Posted to user@hadoop.apache.org by Francisco Rodera <tr...@gmail.com> on 2013/09/17 13:55:17 UTC

How does one make a hadoop task attempt to fail after too many data fetch failures?

Hi,

I have a hadoop reduce task attempt that will never fail or get completed
unless I manually fail/kill it.

The problem surfaces when the task tracker node (due to network issues that
I am still investigating) looses connectivity with other task trackers/data
nodes, but not with the job tracker.

Basically, the reduce task is not able to fetch the necessary data from
other data nodes due to time out issues and it blacklists them. I have no
problem with that, actually the blacklisting is expected and needed, the
problem is that it will keep retrying the same blacklisted hosts for hours
(honoring what it seems to be an exponential back-off algorithm) until I
manually kill it.
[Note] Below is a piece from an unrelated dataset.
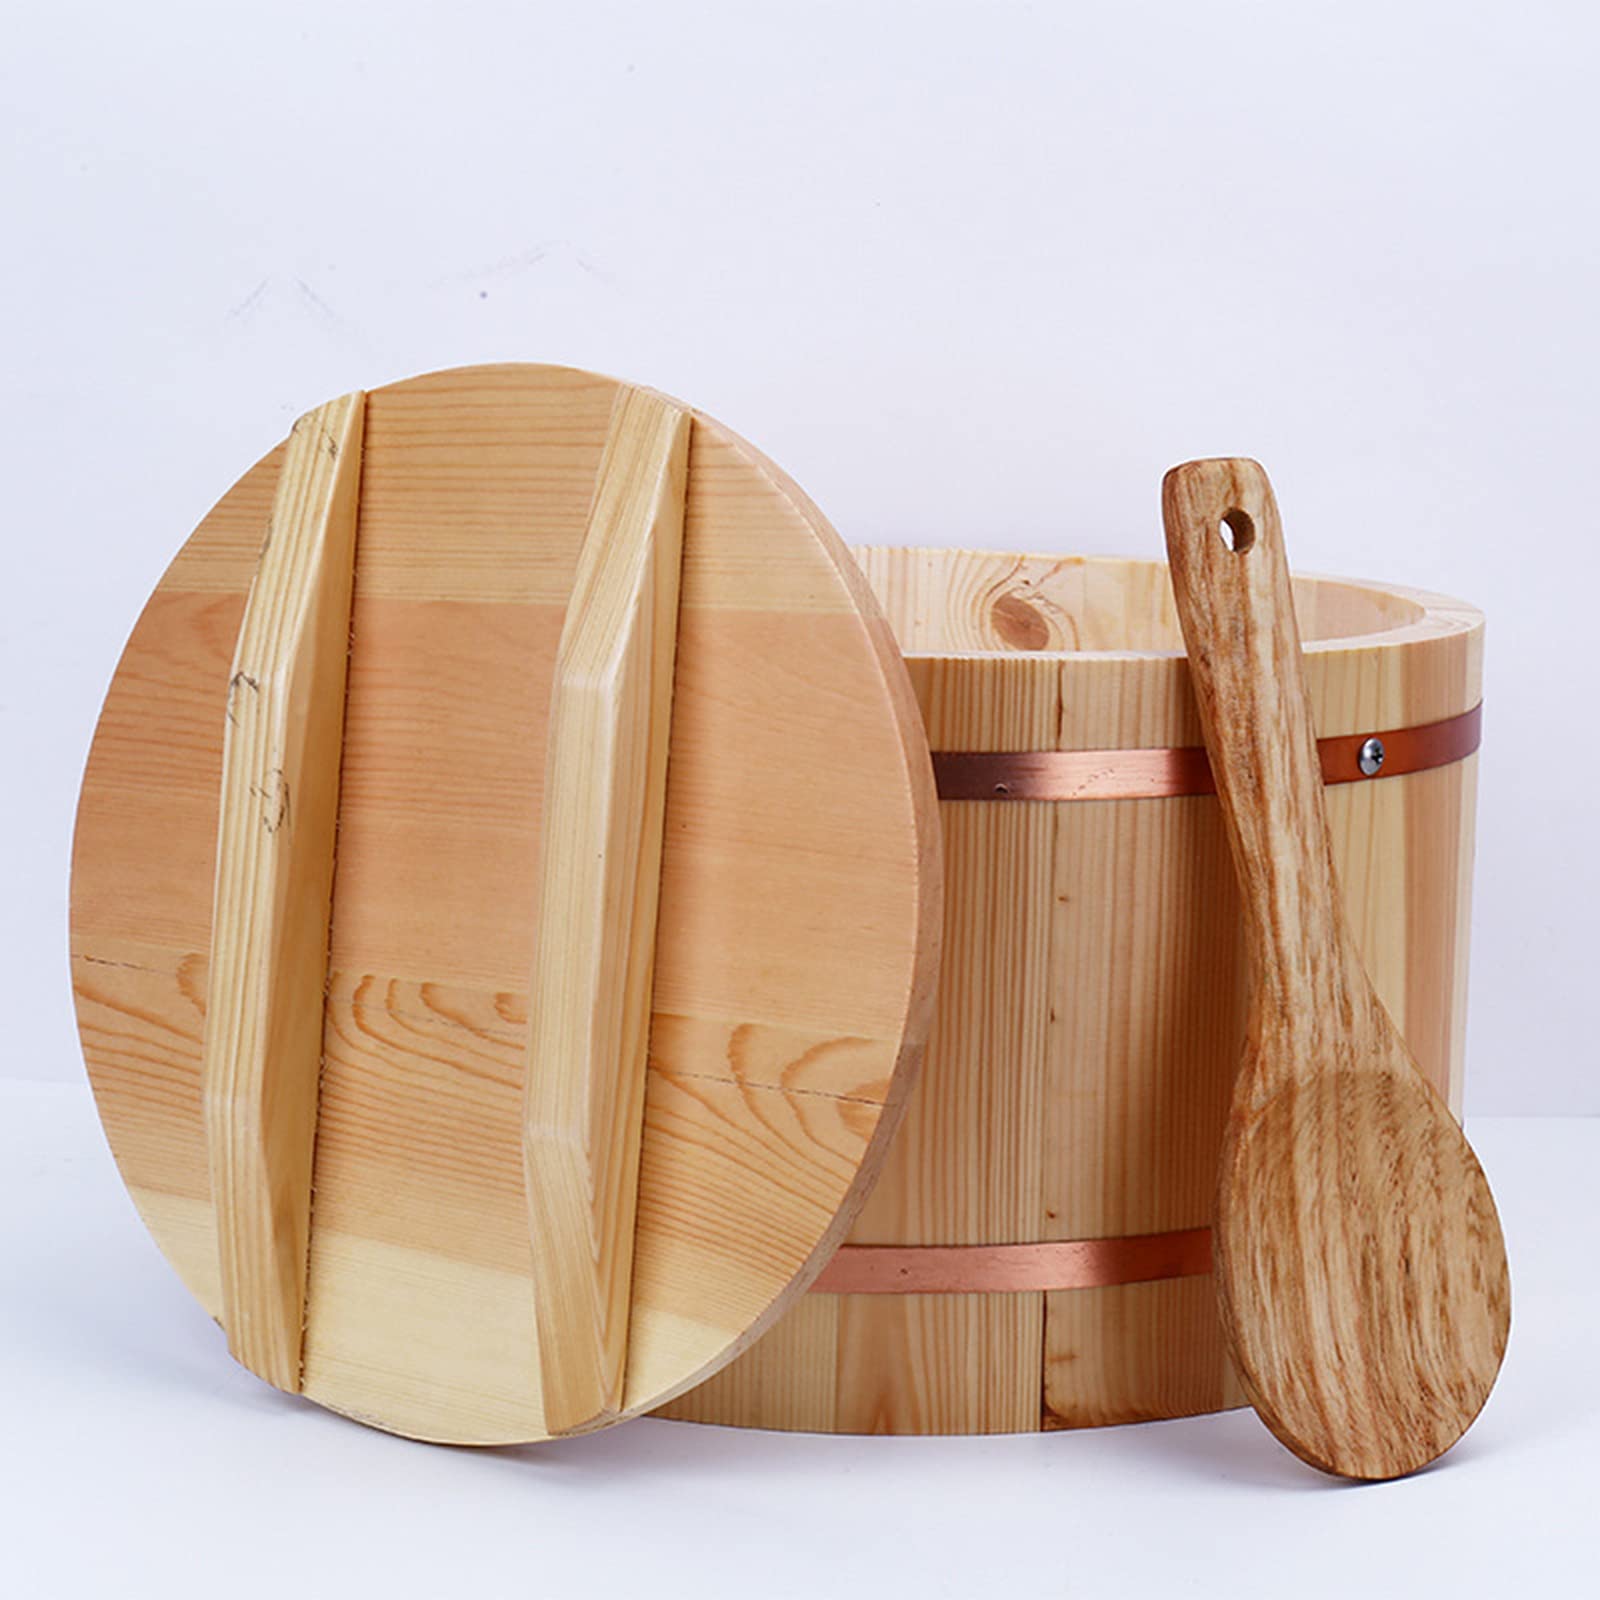 AIZYR Wooden Sushi Rice Bowl with Lid and Rice Scoop, Japanese Hangiri Sushi Oke Rice Mixing Tub for Sushi Restaurant Home Use,24cm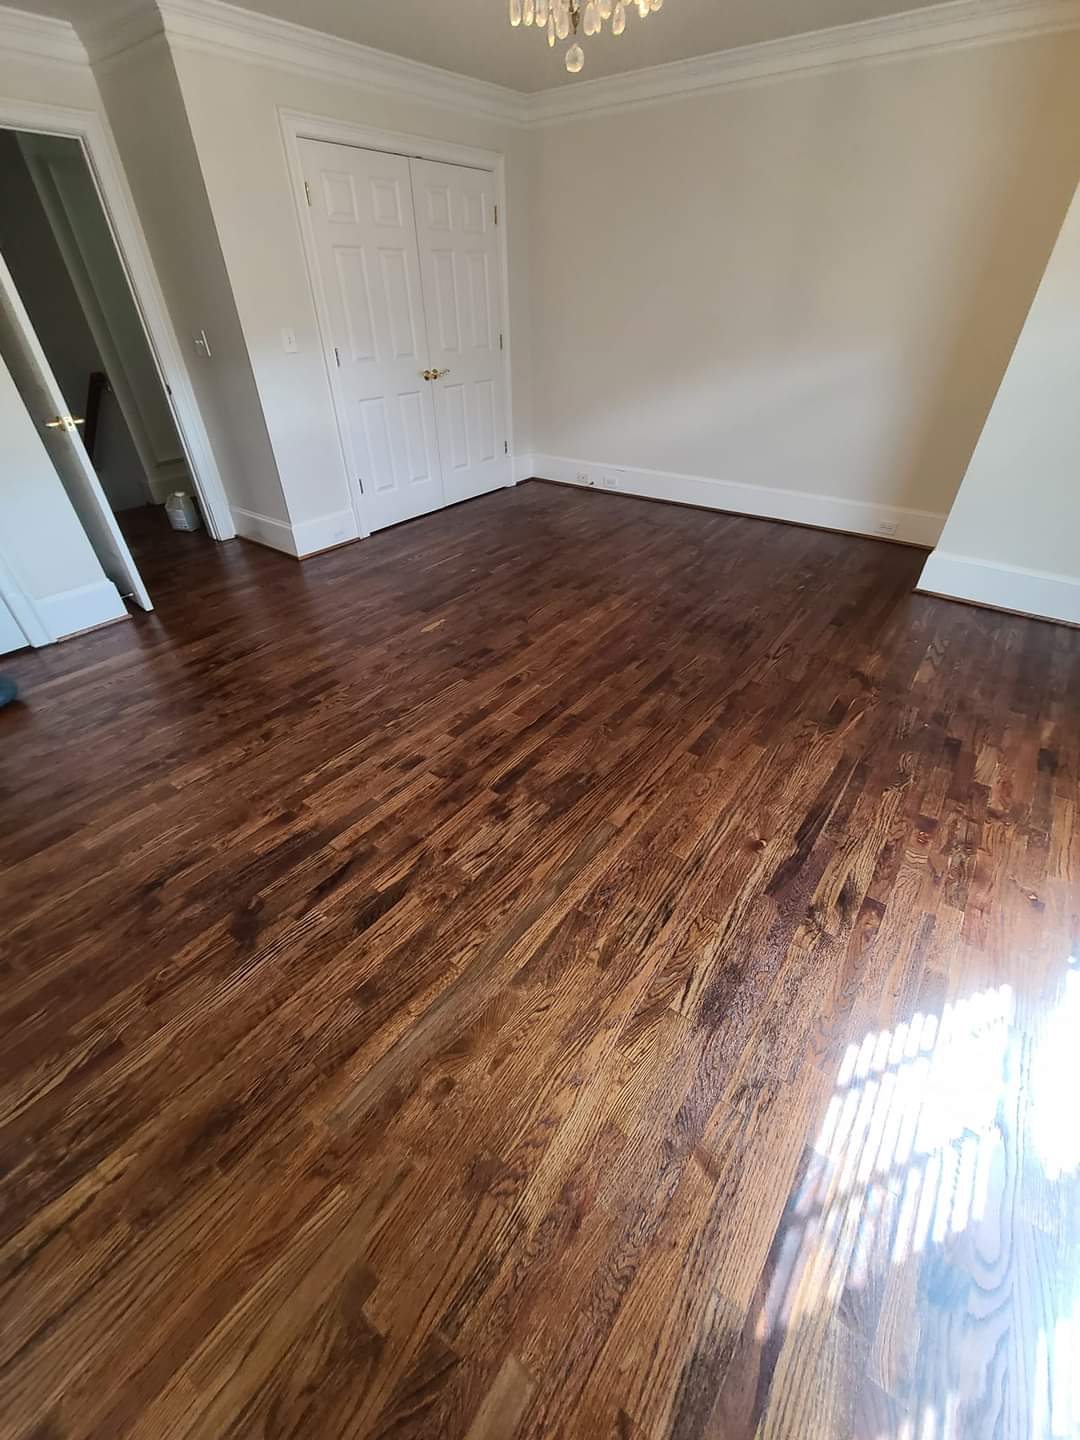 A beautiful shine on this freshly installed wood floor brings the room together.

Latest long running task attempt had been retrying for >9
hours.

I see hundreds of messages like these in the log:

2013-09-09 22:34:47,251 WARN org.apache.hadoop.mapred.ReduceTask
(MapOutputCopier attempt_201309091958_0004_r_000044_0.1):
attempt_201309091958_0004_r_000044_0 copy failed:
attempt_201309091958_0004_m_001100_0 from X.X.X.X
2013-09-09 22:34:47,252 WARN org.apache.hadoop.mapred.ReduceTask
(MapOutputCopier attempt_201309091958_0004_r_000044_0.1):
java.net.SocketTimeoutException: connect timed out

Is there any way or setting to specify that after n retries or seconds the
task should fail on and get restarted on its own in another task tracker
host?

These are some of the relevant reduce/timeout Hadoop cluster parameters I
have set in my cluster:

<property><name>mapreduce.reduce.shuffle.connect.timeout</name><value>180000</value></property>
<property><name>mapreduce.reduce.shuffle.read.timeout</name><value>180000</value></property>
<property><name>mapreduce.reduce.shuffle.maxfetchfailures</name><value>10</value></property>

<property><name>mapred.task.timeout</name><value>600000</value></property>
<property><name>mapred.jobtracker.blacklist.fault-timeout-window</name><value>180</value></property>
<property><name>mapred.healthChecker.script.timeout</name><value>600000</value></property>

BTW, this job is running on an AWS EMR cluster (Hadoop version: 0.20.205).

Thanks in advance.

Francisco.